The Sinclair family portfolio
|Suburb||State||Type||Purchase date||Purchase price||Current/projected value once complete|
|Coombabah||QLD||Freestanding house||Jan 2013||$275,000||$650,000|
|Robina||QLD||Freestanding house||Jul 2021||$570,000||$1,230,000|
|Palm Beach||QLD||Freestanding house||Mar 2019||$680,000||$3,400,000|
|Palm Beach||QLD||Duplex development||Sep 2021||$1,260,000||$4,500,000|
|Hamlyn Terrace||NSW||Freestanding house||Feb 2022||$885,000||$930,000|
“It’s really important to me to have my developments nearby so I can quickly duck down to a site whenever I need and I’ve had multiple times when I’ve been called to site to an issue, and within 20 minutes of brainstorming with the team it’s been resolved and we were able to move on with the build and not lose time, simply because I live close and am able to tend to the issue in person straight away.”
“The Gold Coast is also experiencing huge population growth, so I’m keen to keep developing there, however, for any future investments where I can be less hands on, I’d definitely be looking interstate for diversification.”
One the biggest lessons the 36-year-old says she’s taken away from growing her property portfolio is learning about the different tax rules for different states.
“A main one is to understand your end goal for a particular purchase, which guides you to setting up the correct ownership structure before you sign the contract – that’s super important – and we learnt the expensive way in having to pay extra stamp duty when we realised the structure we purchased wasn’t the best for us in terms of asset protection.”
Currently, Ms Sinclair biggest learning curve is unfolding on her current duplex development.
“I expected lots of problems to arise but I have found that ultimately one of the biggest obstacles to overcome actually centres around personal growth and mindset, so navigating the emotional aspects of this project, learning not to take setbacks personally, and developing my ability to communicate effectively with others have been a massive step in my personal growth in the property journey because believing in yourself and surrounding yourself with the right people, with the right mindset, does wonders.

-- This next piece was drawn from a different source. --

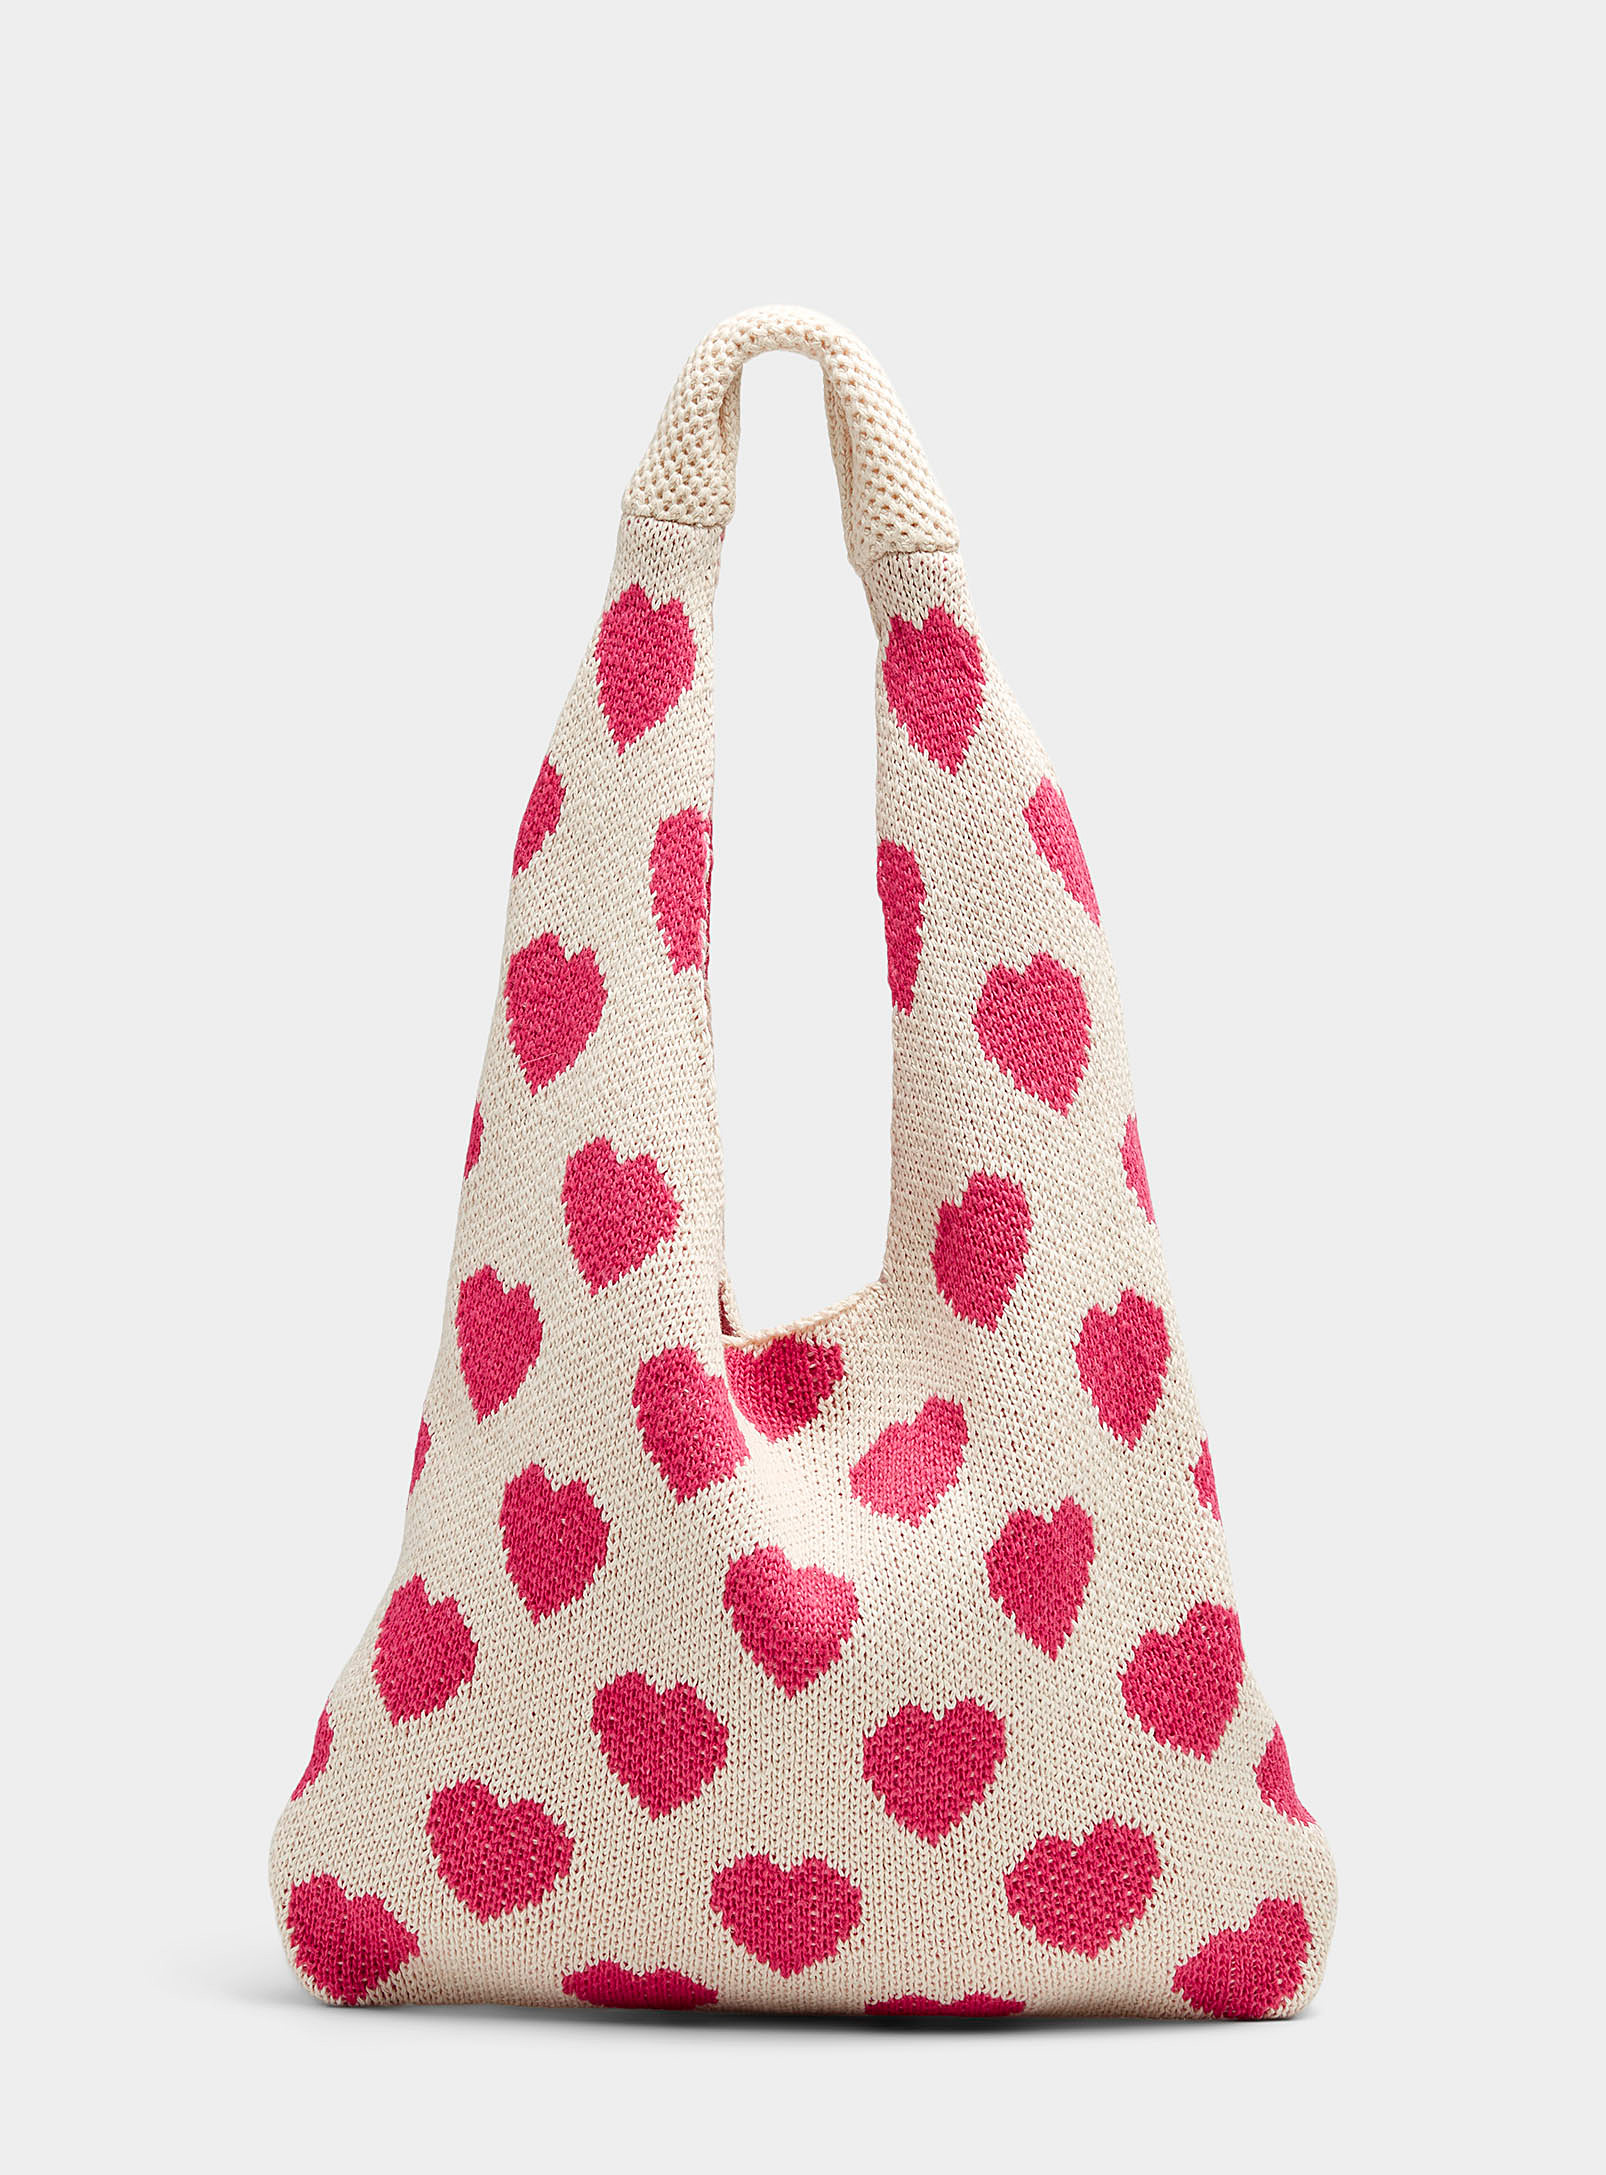 Simons - Women's Pink heart knit Tote Bag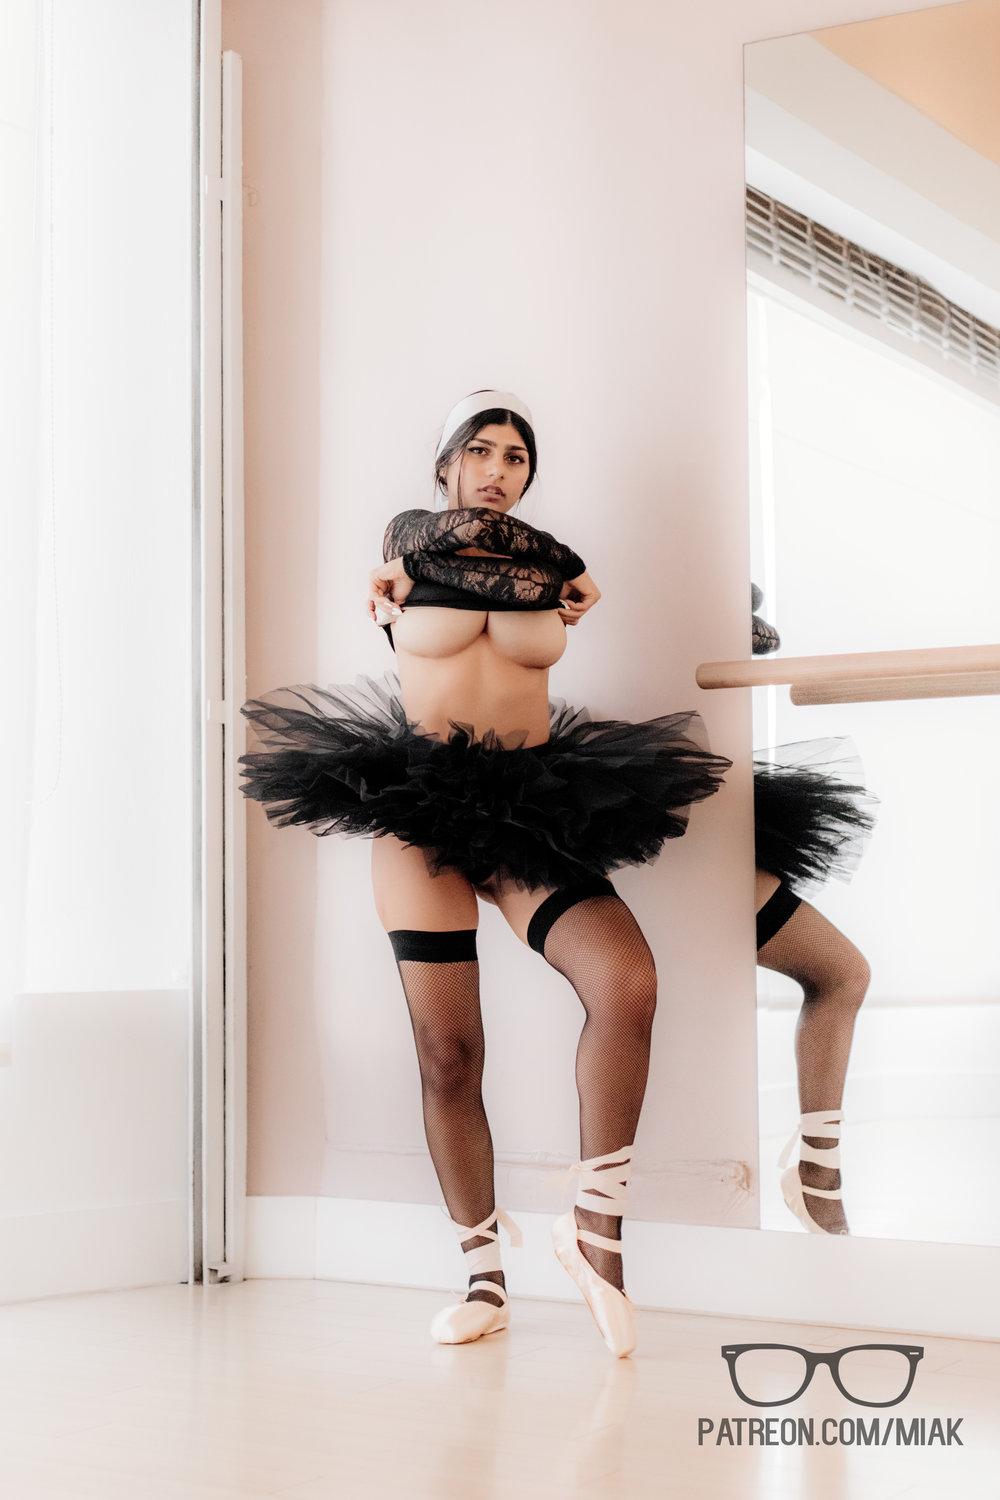 mia khalifa ballet lingerie patreon set leaked OCQFHK

“My husband and I have a team that includes a financial advisor, mortgage broker, conveyancer, accountant and buyers’ agent who we check in with regularly to make sure we’re getting the best rates possible and that the properties are working for us the best they can.”
In a mortgage broker, Ms Sinclair recommends one who is happy to take the time to step you through what you need to learn and be educated about your budget and salaries.
“They can help calculate and approximate how much you would be able to borrow, and they can do all the different calculations with you, because it can be very daunting trying to decide which product and repayment type best suits your particular purchase, like fixed versus variable, and how many years, etcetera.”
Hong Kong born, Ms Sinclair started dreaming about investing as a child, and though already her portfolio has grown significantly, she’s a long way from finishing.
“I’ve always had a thing for real estate, probably because I had family members who were into property investing, and as a kid I remember checking out units and going to open houses in Hong Kong, so from then, buying a house was a dream I held close.
“I definitely have a very strong interest in diversifying asset classes, so I’d love to eventually add in commercial and unit blocks to the portfolio.
“For now, I’m focusing on doing one thing well, which is low density residential developments and even though I plan to be physically close to my development projects, the Gold Coast is largely a flood zone so it does add complexities to developments with council regulations and insurance costs.
“They pretty much double for properties in flood zones with very fine print conditions, so looking elsewhere will also diversify risk.”
Bad tenants a big expense
Eleven years ago, however, it was baby steps into the first home buyers’ market.
“We were actually all set for a year-long backpacking trip around the world, so had to be very intentional with our savings plan.
“Instead of sacrificing social times with our mates, we would pack our own lunches and dinners so that we wouldn’t miss out but just weeks before our adventure, we managed to purchase our first home.
“We decided to rent this three-bedroom, one-bathroom house out while we were off exploring, and I can’t stress enough the importance of having a good property manager.
“We got burnt by purchasing our first investment in a not so ideal location, which was all we could afford at the time, and the anxiety of dealing with bad tenant after bad tenant while we were overseas was stressful to say the least.
“On Christmas Eve we got an email from our property manager informing us the tenant had broken the WC and black water had flooded half the house and the tenant was seeking full financial reimbursement for all their belongings.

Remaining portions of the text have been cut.